Prompt ▸ Include the line containing "we are to share" and every line after it up to the end of the material below; reproduce them exactly and drop the pictures.

Entries supplied ▸
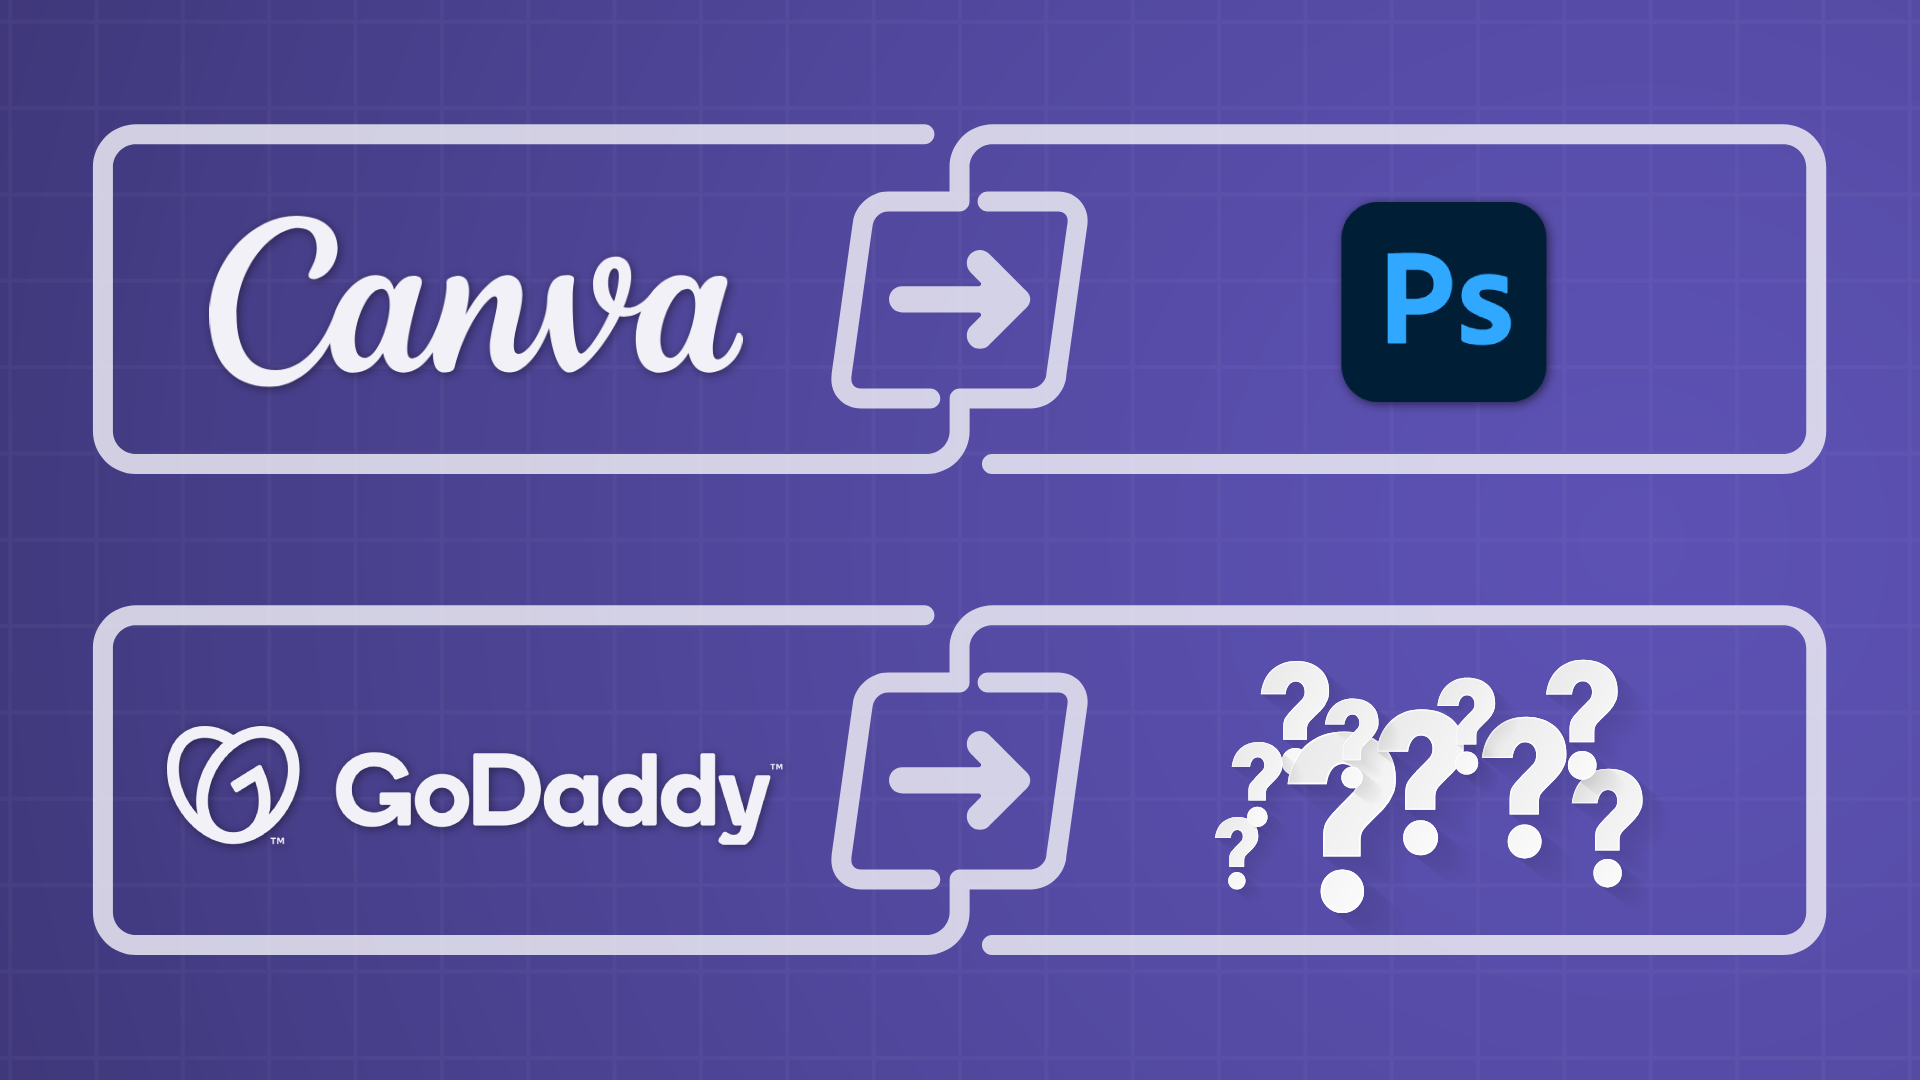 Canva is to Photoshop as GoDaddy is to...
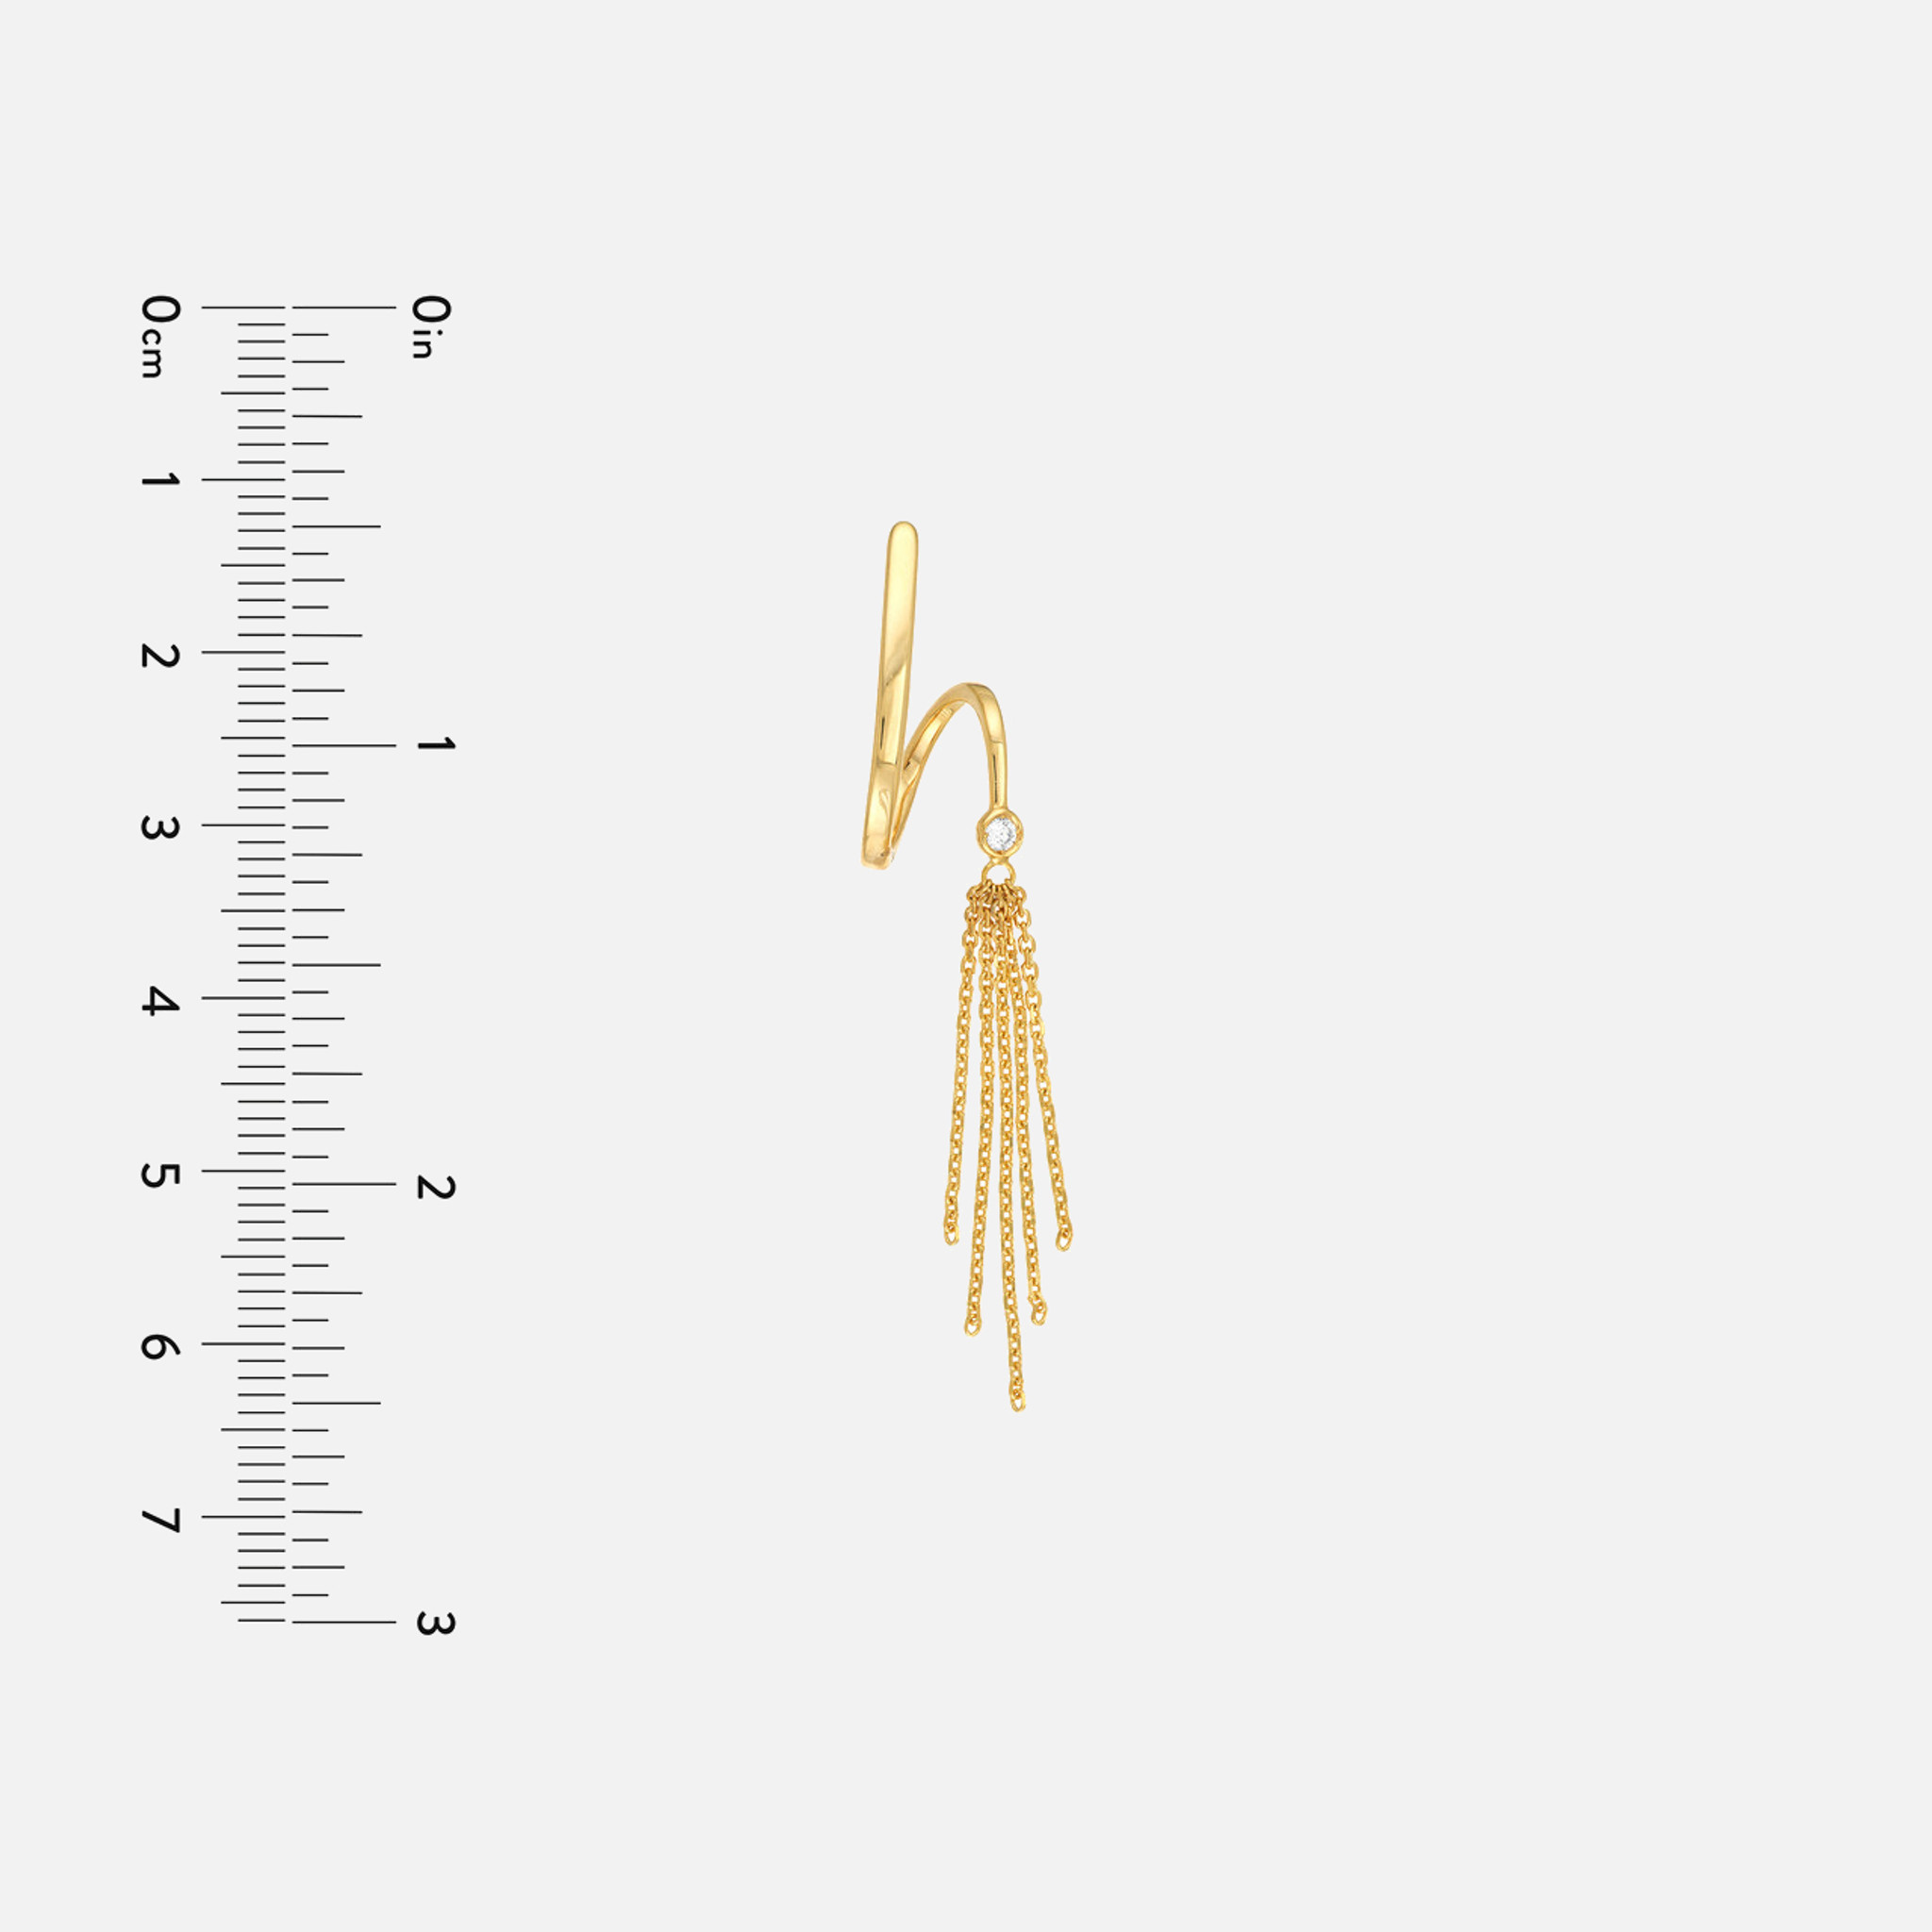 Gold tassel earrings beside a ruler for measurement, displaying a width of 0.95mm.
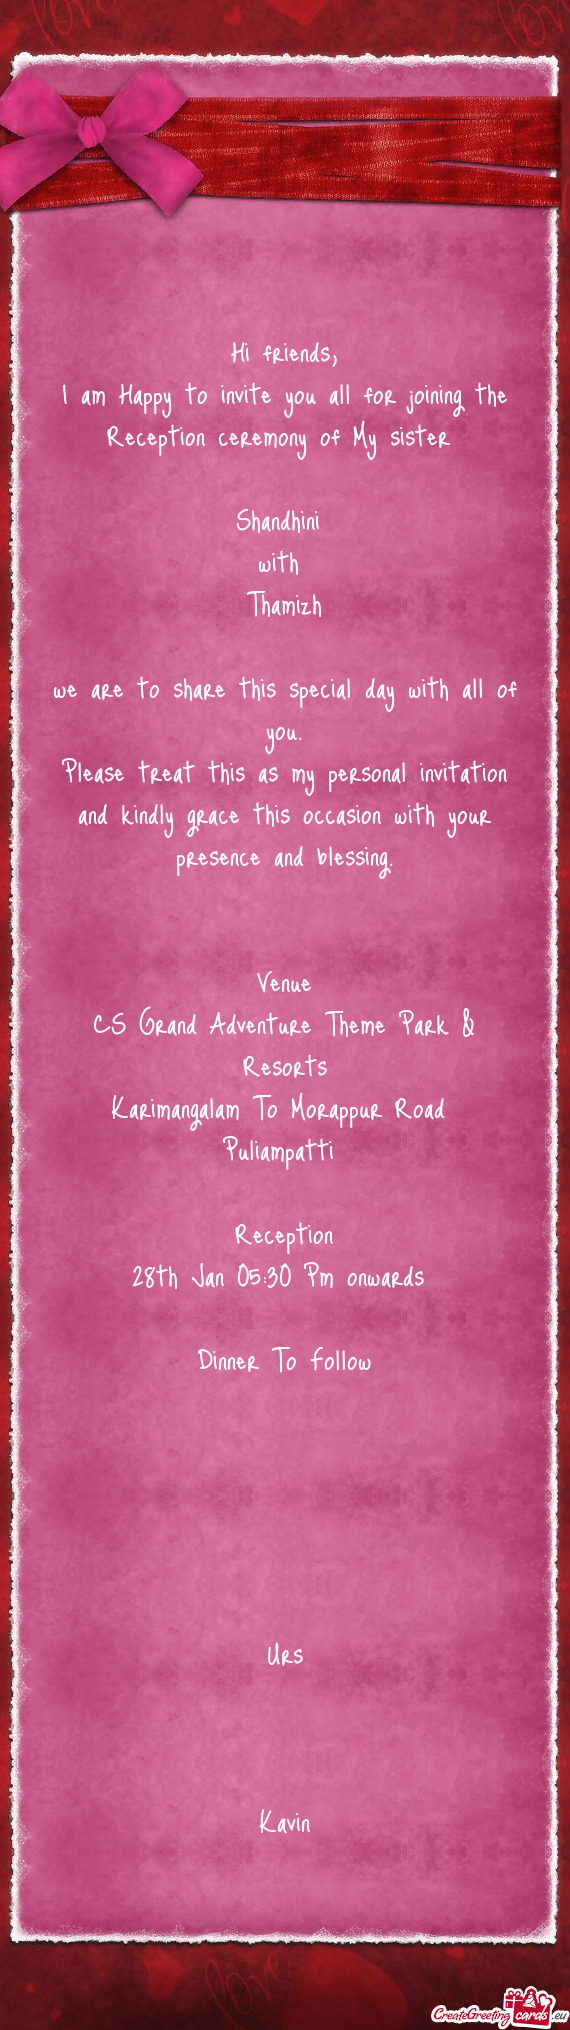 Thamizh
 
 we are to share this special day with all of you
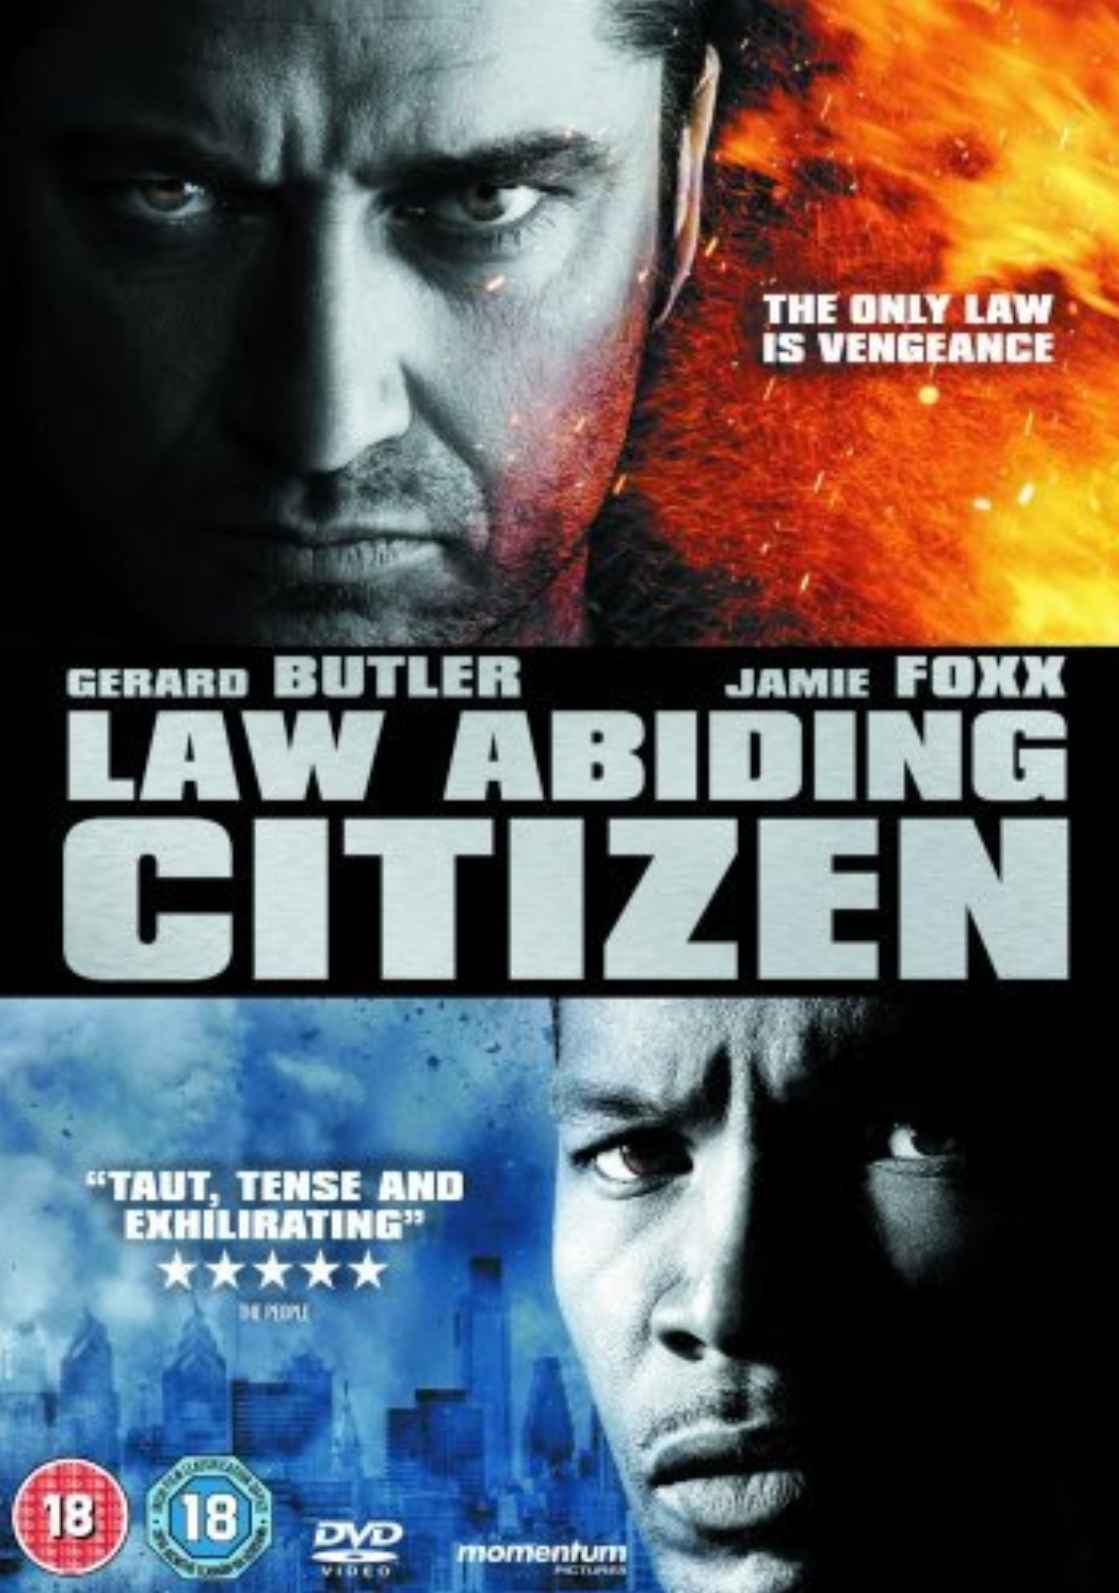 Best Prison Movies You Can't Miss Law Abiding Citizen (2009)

Result of this task ▸
 we are to share this special day with all of you
 Best Prison Movies You Can't Miss Law Abiding Citizen (2009)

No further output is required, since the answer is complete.